TASK DESCRIPTION ▸ Leaving the pictures aside, return the listing exactly as it appears.
=== Begin Enclosure ===
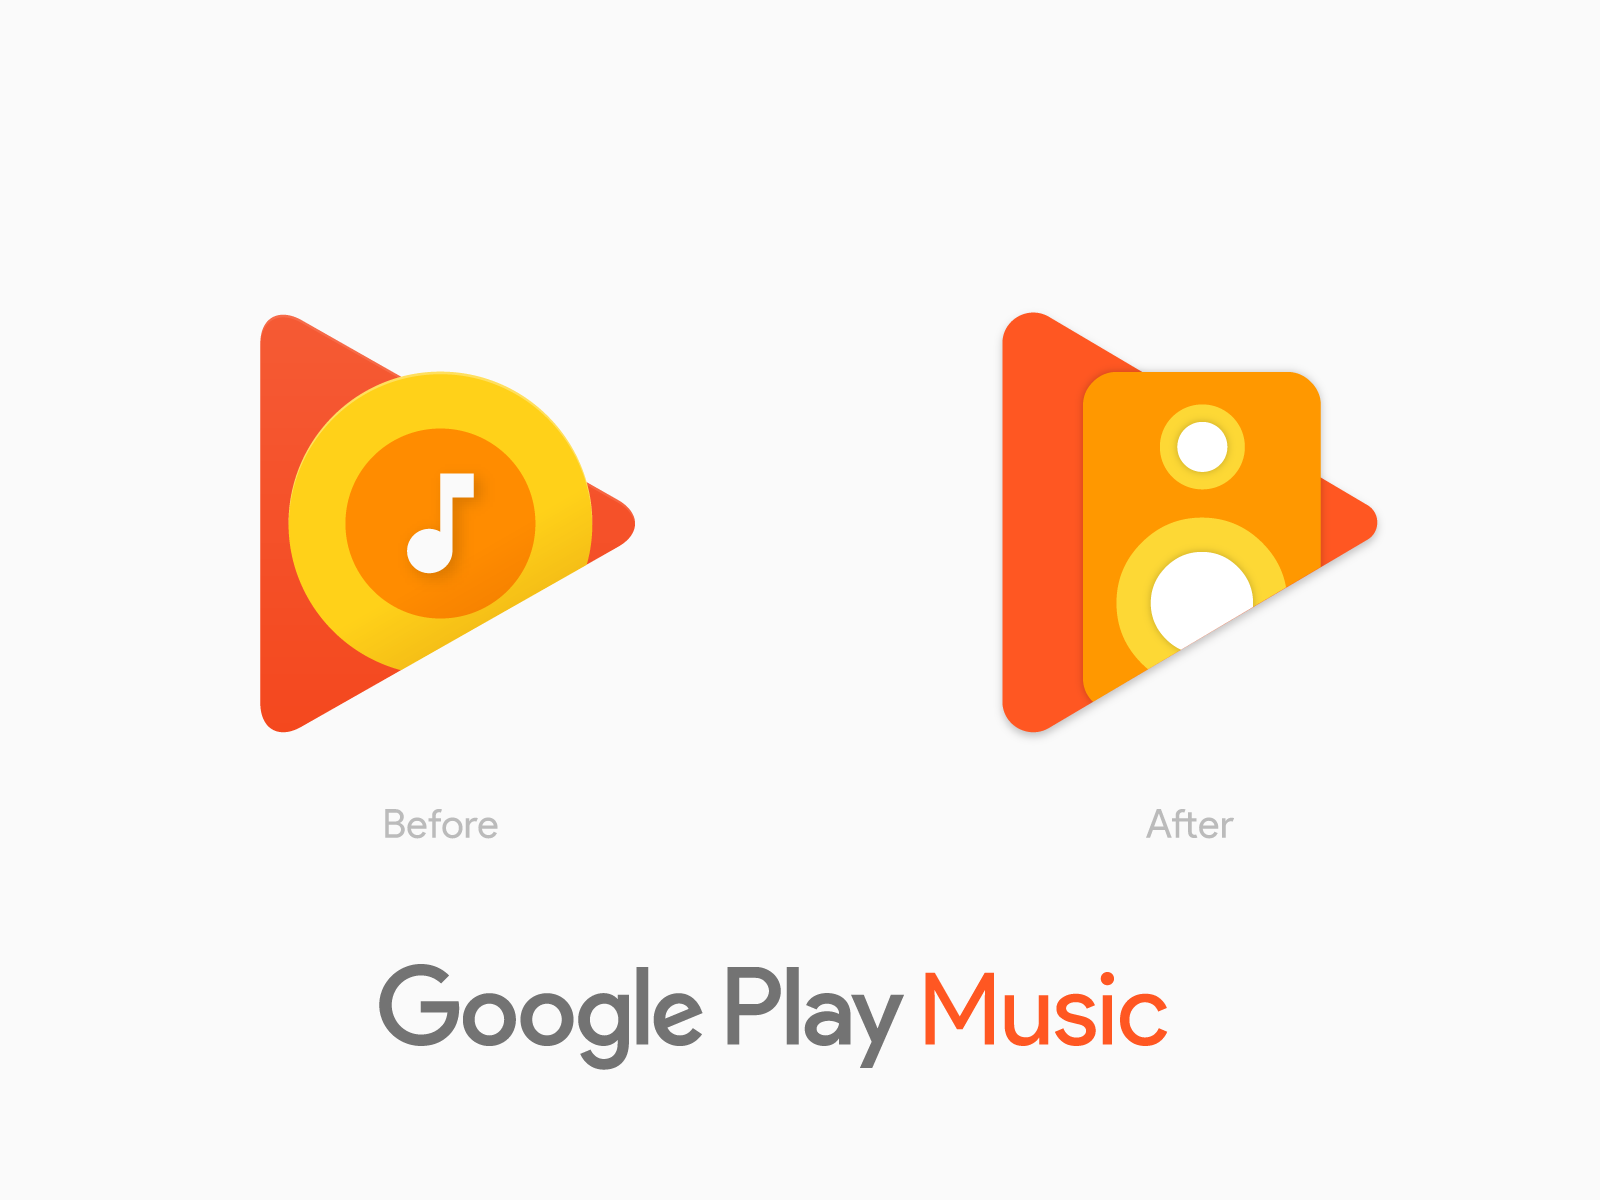 Well play music. Гугл плей. Google Play Music. Гугл плей лого. Google Play Music Google Play.
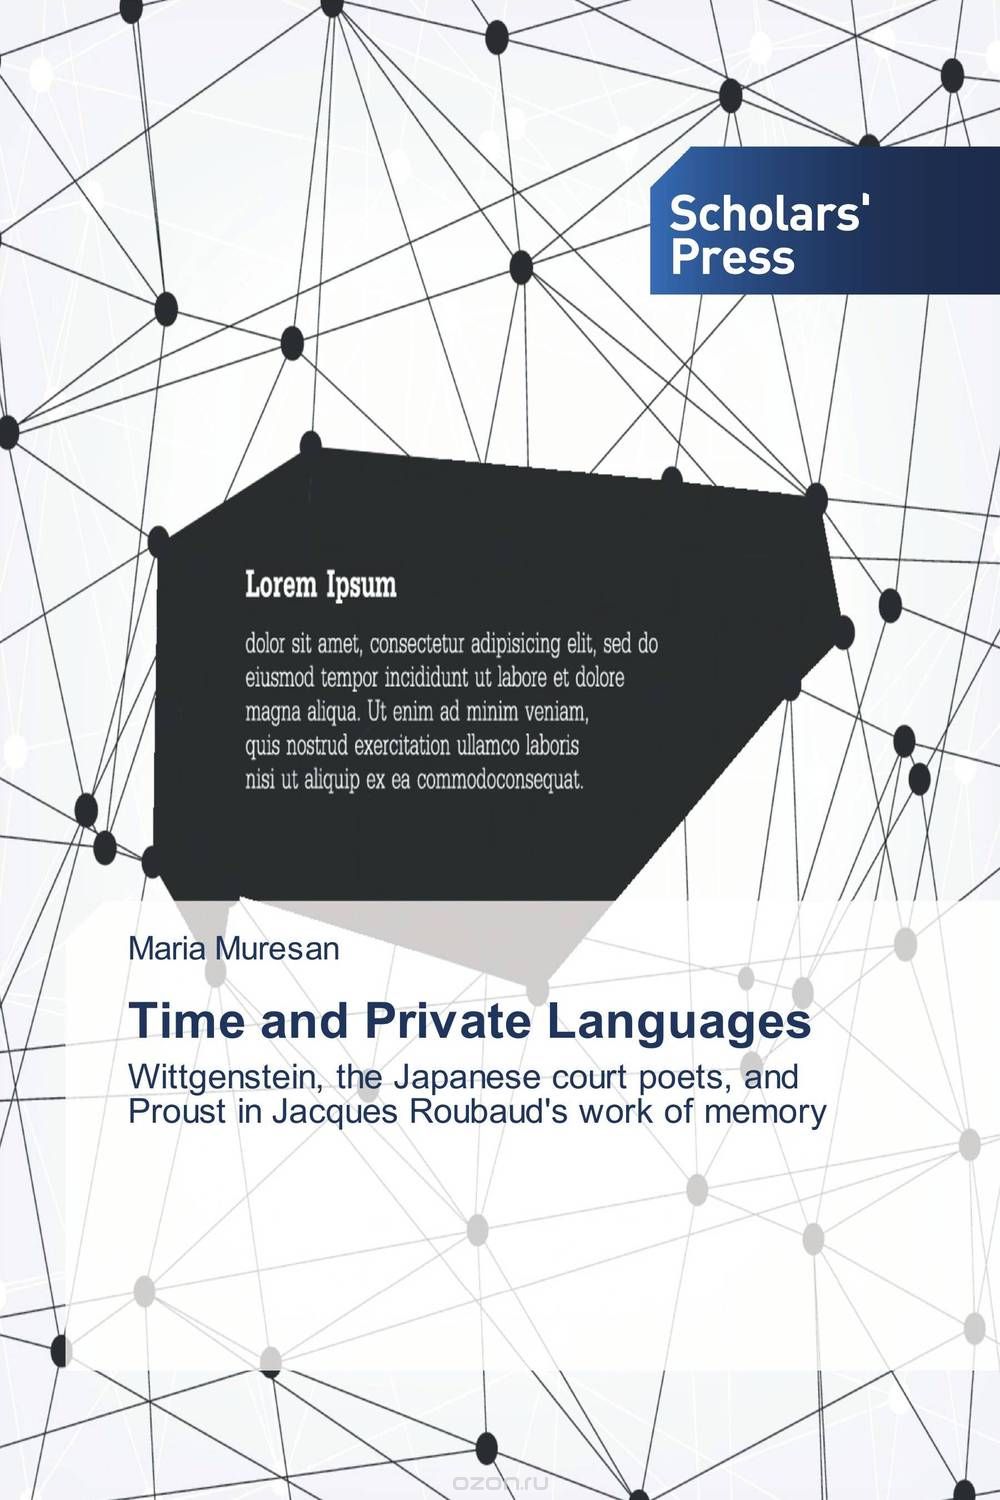 Скачать книгу "Time and Private Languages"
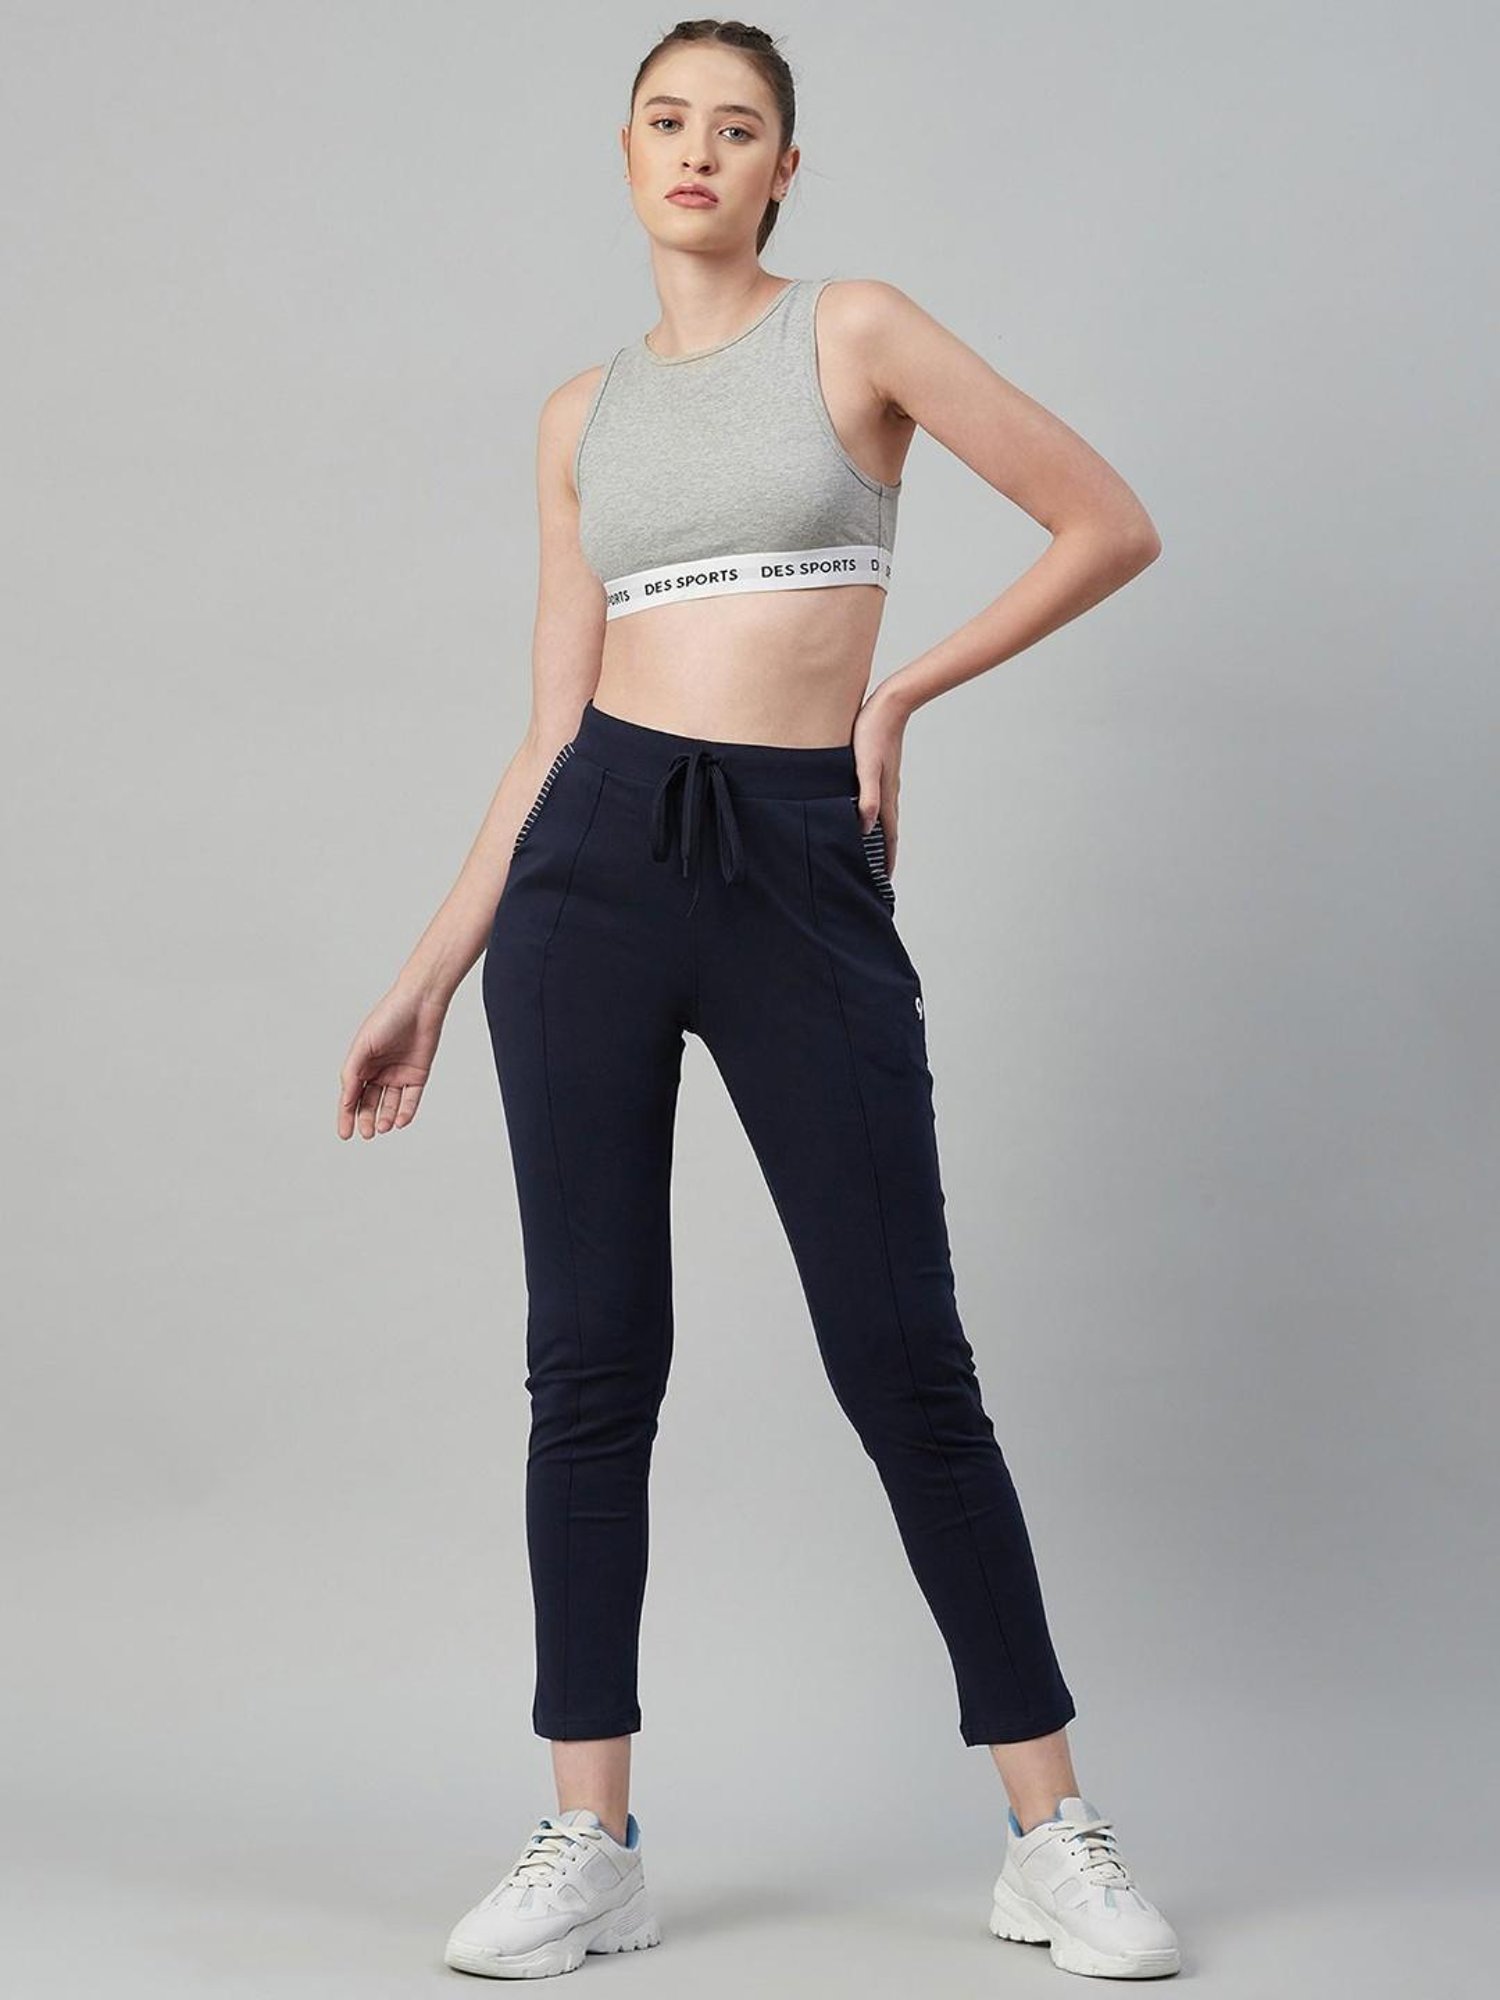 Buy C9 Airwear Navy Solid Slim Fit Yoga/Gymwear Track Pants For Women Online
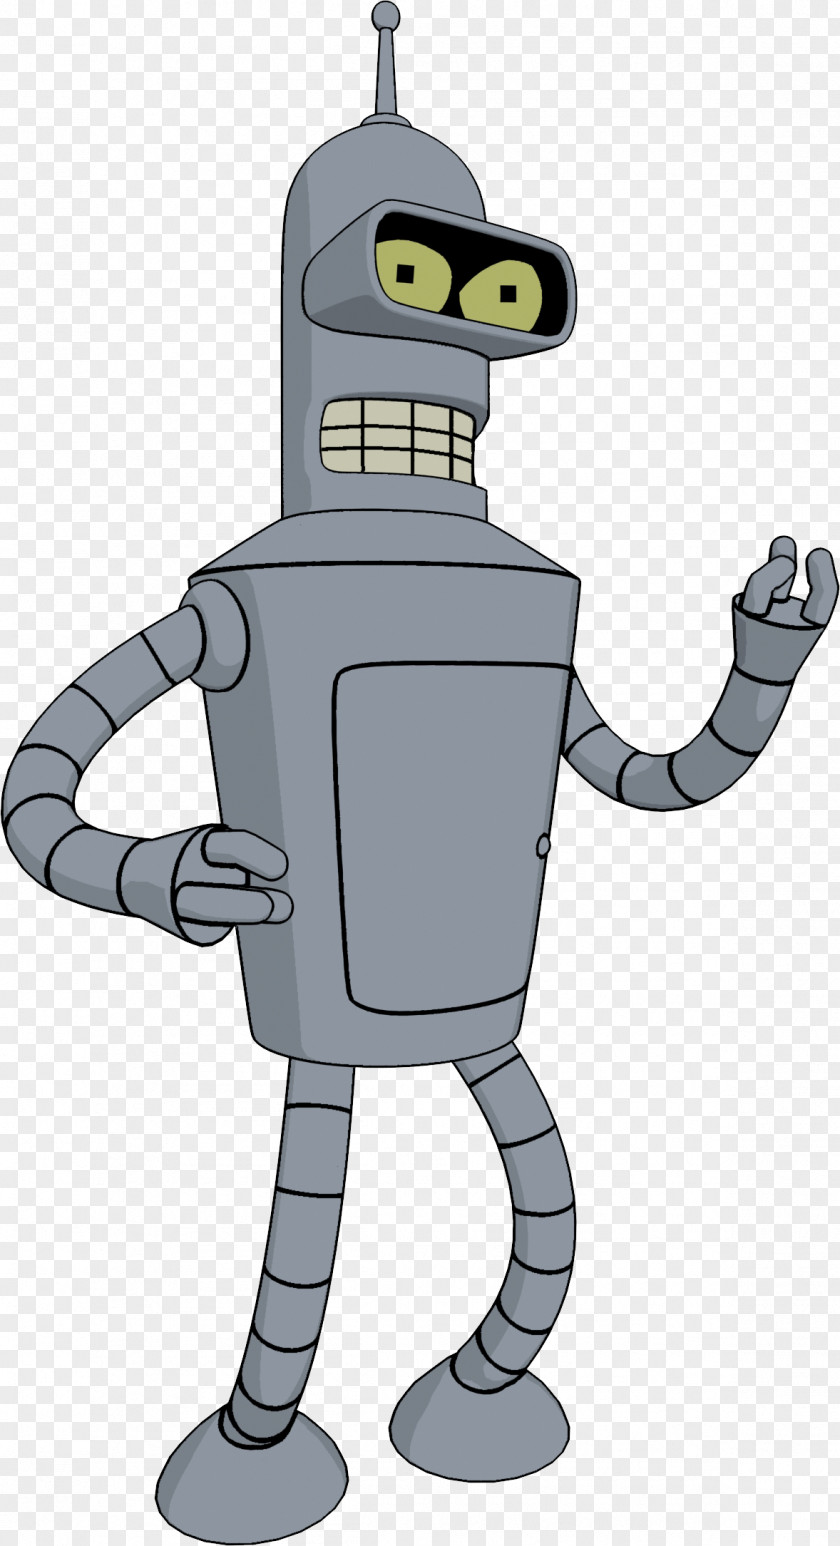 Bender Futurama Philip J. Fry Planet Express Ship PNG
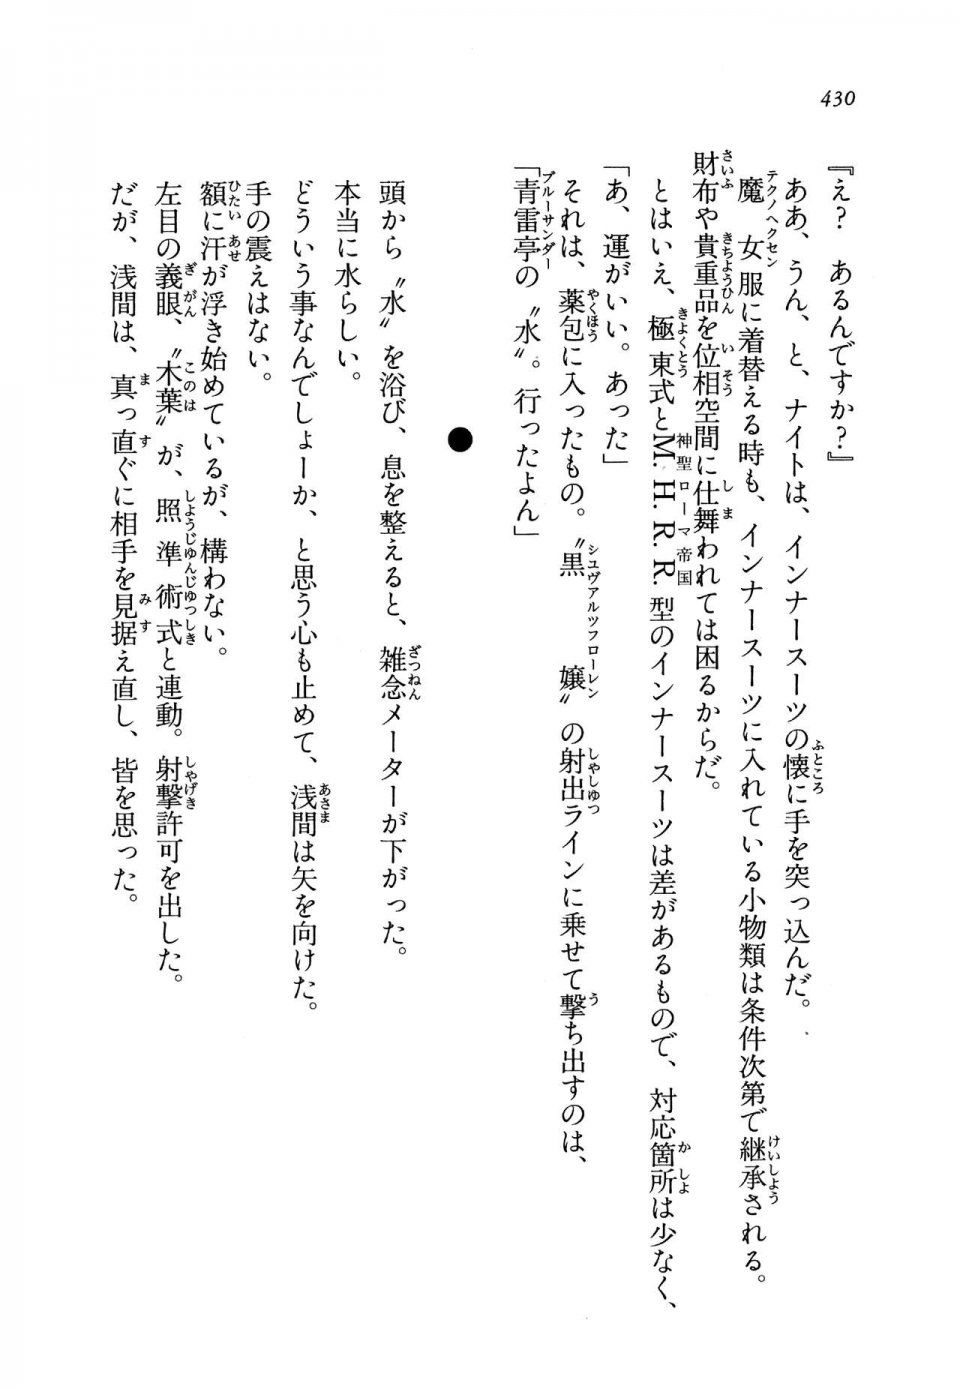 Kyoukai Senjou no Horizon BD Special Mininovel Vol 8(4B) - Photo #434
=== End Enclosure ===
TASK RESPONSE ▸
 Well play music. Гугл плей. Google Play Music. Гугл плей лого. Google Play Music Google Play.
 Скачать книгу "Time and Private Languages"
 Buy C9 Airwear Navy Solid Slim Fit Yoga/Gymwear Track Pants For Women Online
 Bender Futurama Philip J. Fry Planet Express Ship PNG
 Kyoukai Senjou no Horizon BD Special Mininovel Vol 8(4B) - Photo #434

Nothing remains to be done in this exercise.